Such was the state of the world when the phone rang. I ambled back into the living room to take it, leaving the radio on in the kitchen.
“Hello.”
“Hello, can I speak to Alex Marshall.”
“This is Alex Marshall speaking.”
“Alex, I didn’t recognise your voice, this is Christopher.”
“Christopher?”
“Christopher Bryant.” I’d had the presence of mind to leave my number with his receptionist and he’d had the presence of mind to ask her.
“Look, I know this might sound strange, but are you free Thursday night?”
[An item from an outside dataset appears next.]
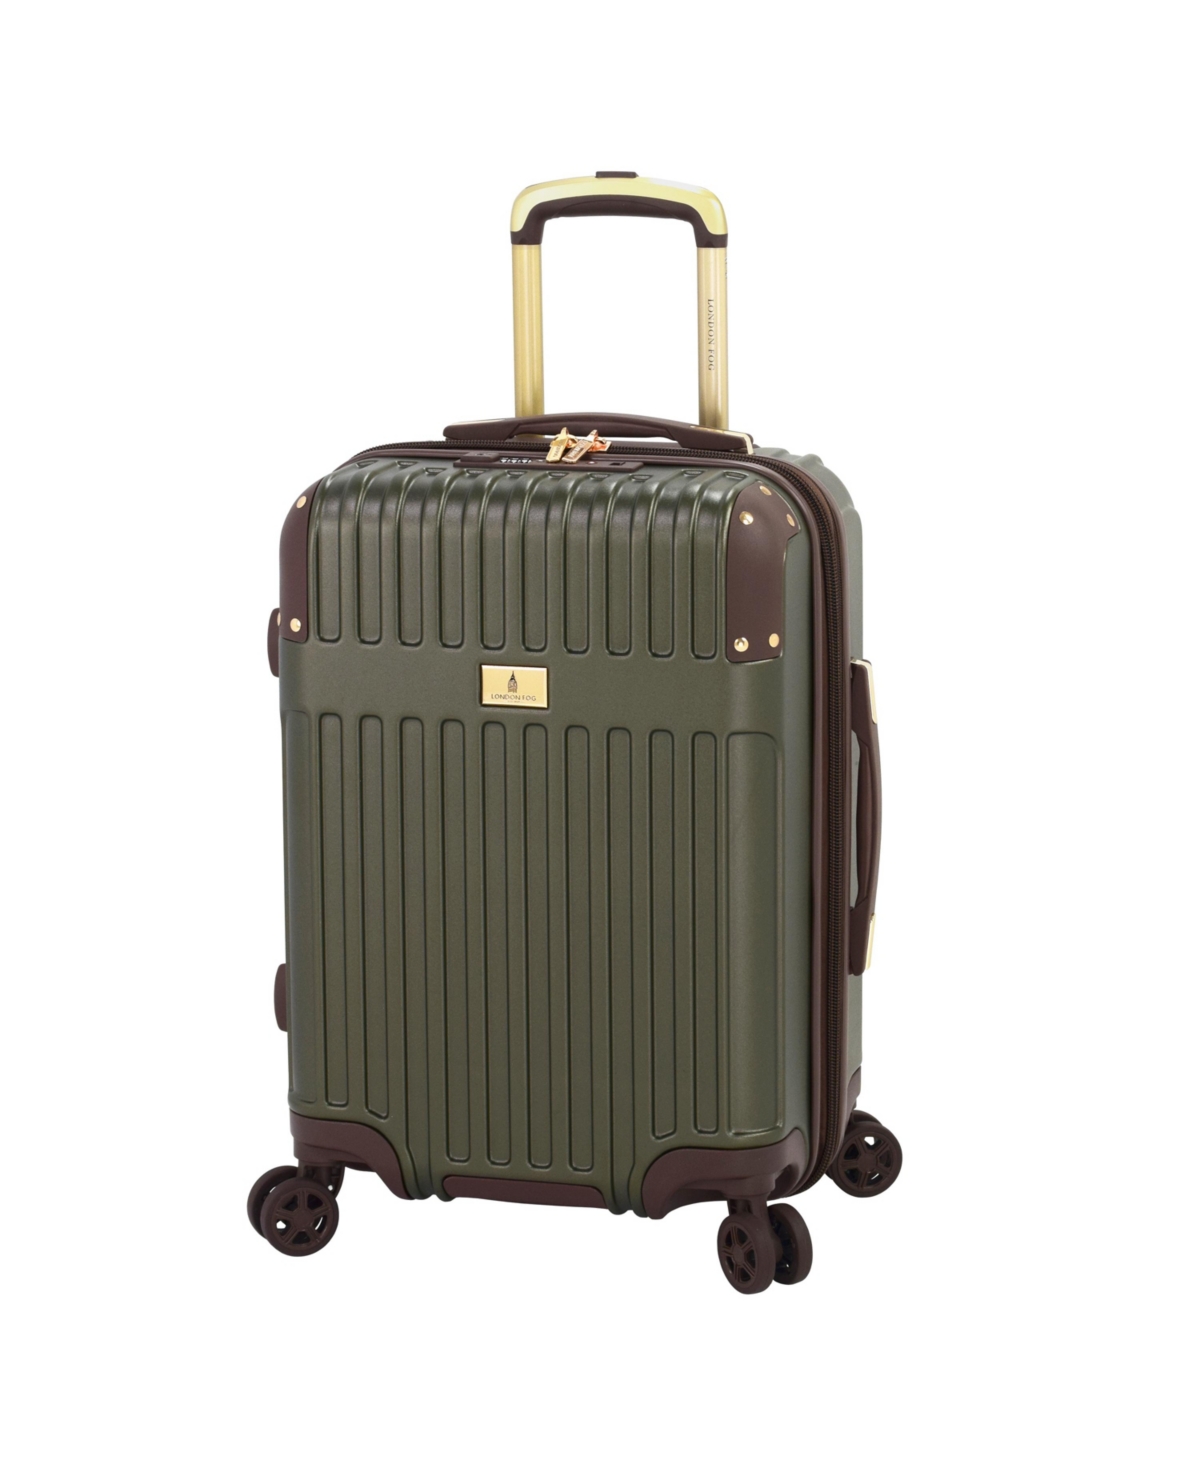 Brentwood Iii 20" Expandable Spinner Carry-On Hardside, Created for Macy's - Navy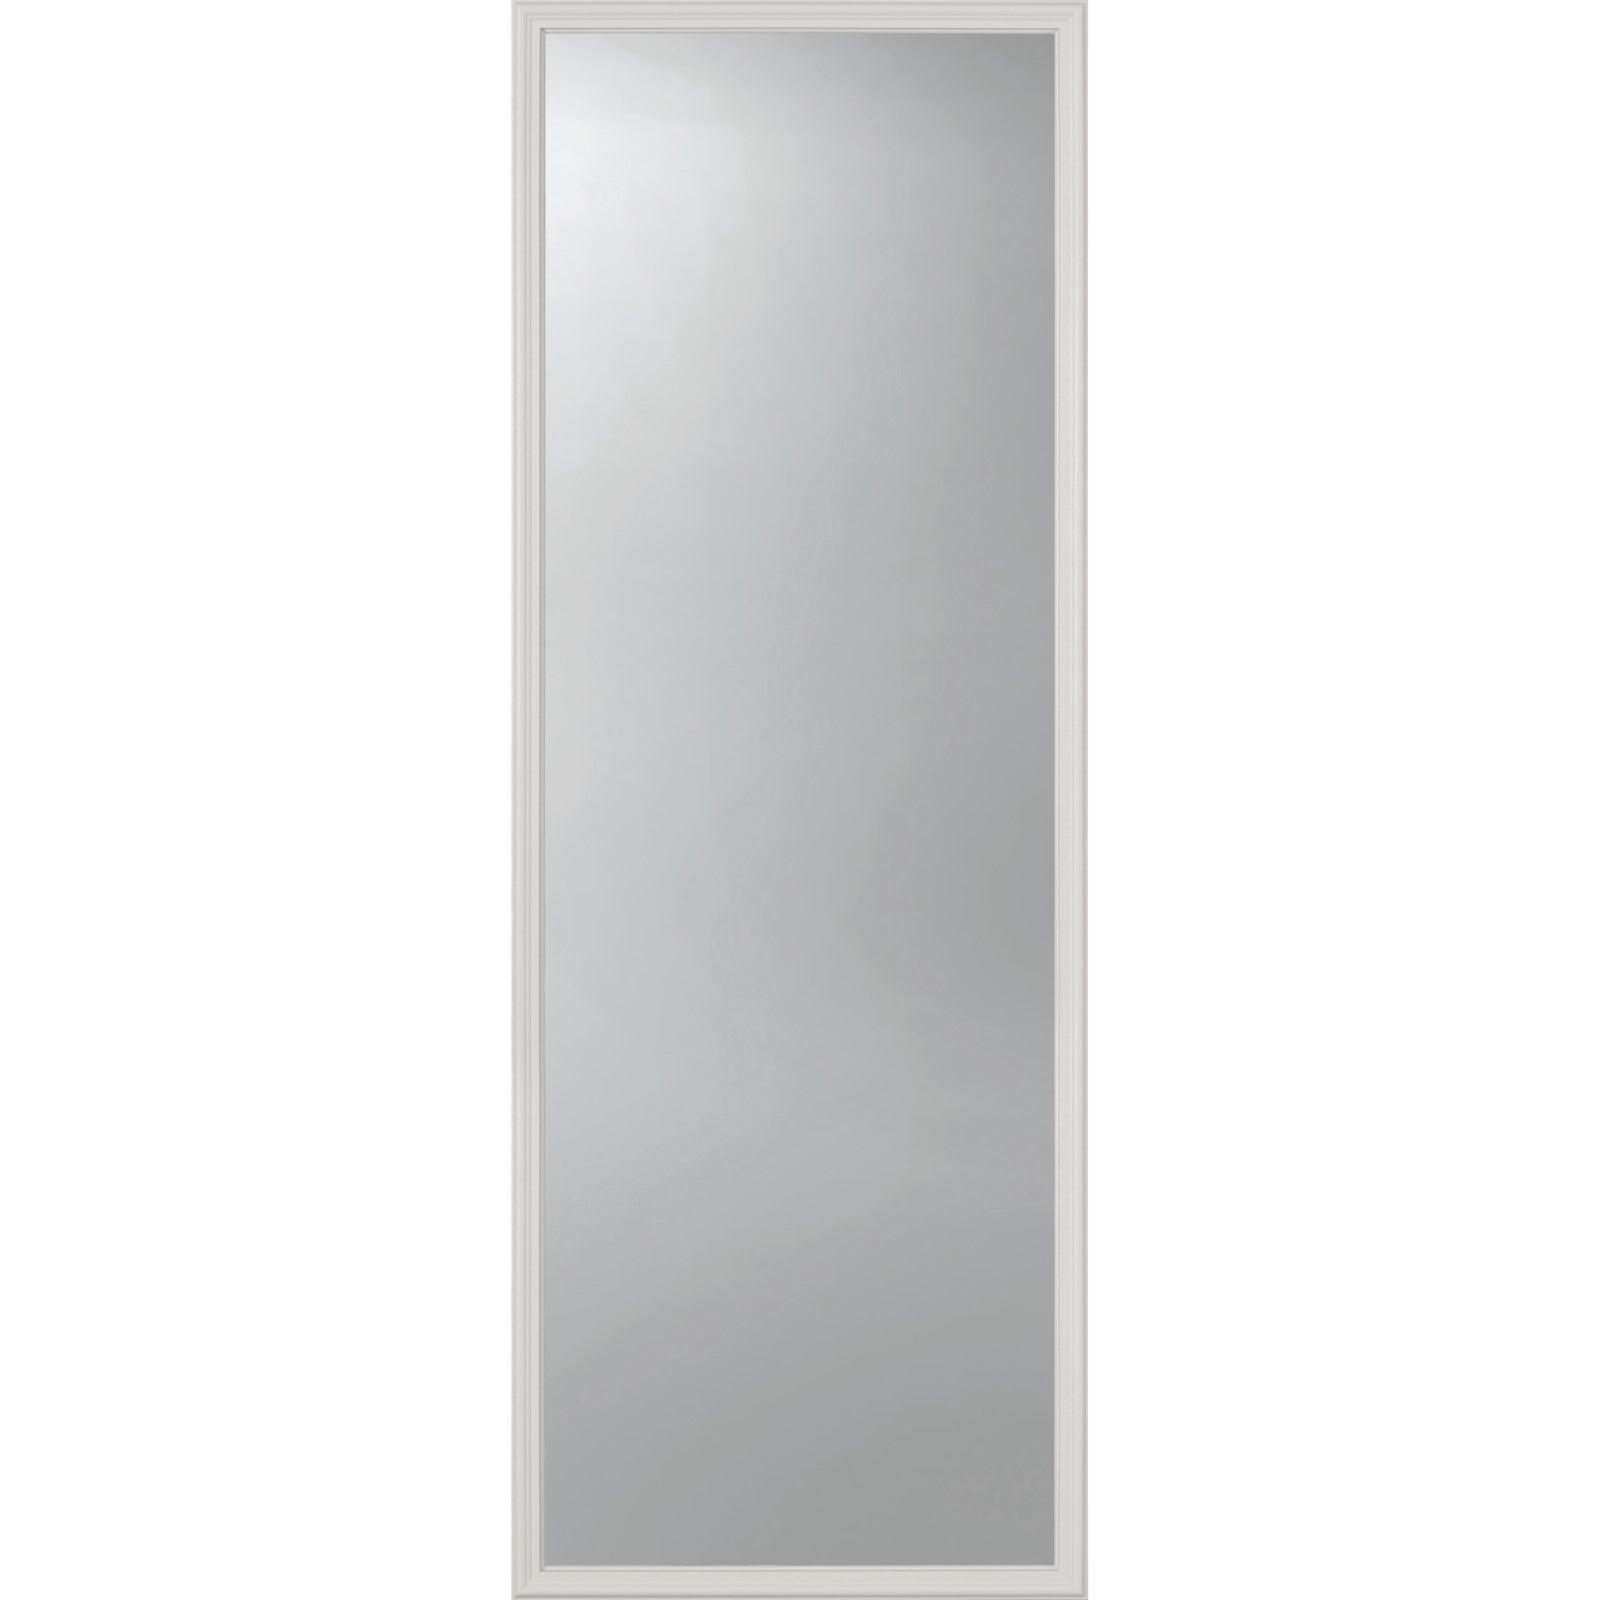 Clear 1 Lite Glass and Frame Kit (Interior 1 3/8" Door Thickness - Full Lite) - Pease Doors: The Door Store

“Why should it sound strange?”
“I don’t know. Some people might think we weren’t all that well acquainted. Look I’ve got a couple of tickets for Lolita. It’s got good write-ups. D’you fancy it? We can get a drink afterwards, go on somewhere, whatever you fancy.”
“Sounds great,” I said.
“Look, I’ll see you outside Swan and Edgars at quarter to eight. OK?”
“Fine.”
“Marvellous. See you tomorrow then.”
“See you tomorrow.” So that was how it was done. And of all the corny places, Swan and Edgars must take the prize. Back in the kitchen the Trio Los Paraguayos were giving a good account of themselves, but they were never going to beat the clock.
*****
One of my main problems was that I wasn’t getting it. My last fuck had been at a party in Fulham well over a month previously in August. I’d picked up a lovely little girl and taken her upstairs, and when idyllically we had woken up in the same bed and looked through the same skylight at God’s west London morning she had told me that she was leaving the next day to do VSO in Nyasaland. But I could have survived; the summer scene was far from finished. Then I’d met Toby and Pascale and things had become complicated and I’d made this decision to discover my real capacity to hold liquor.
There was a Kokoschka retrospective that had just opened at the Tate and one afternoon, when I was getting fed up with th
e company at Yates Wine Lodge in the Strand and after I had washed down a couple of stale cheese rolls and a bottle of Graves and the rims of the barrels that served for seats were starting to eat into my thighs, I decided to go. Not because I was particularly devoted to Kokoschka – great in context, historically significant, but he never moved me – but because the Tate was a great place for picking up women. I skirted round the corner of Trafalgar Square and set off down Whitehall past the theatre where Brian Rix and his lost patrol still hadn’t found out that the War had ended. Fifteen minutes later I was climbing the steps of the Tate. I gave the Kokoschka short shrift. Perhaps I wasn’t in the mood, perhaps there was no spare talent on the lookout, perhaps I just didn’t relate to his highly personalised account of the dilemmas of machine age man. It was the year Andy Warhol gave Campbells Soup to the world and I found that a more powerful metaphor. I decided to hunt my quarry in the Turner Rooms but fared no better. In the Pre-Raphaelite Rooms my luck changed, a faint scent was discernible and I just saw the tail end of a party of schoolgirls disappearing in the direction of the tearooms. I repaired there immediately.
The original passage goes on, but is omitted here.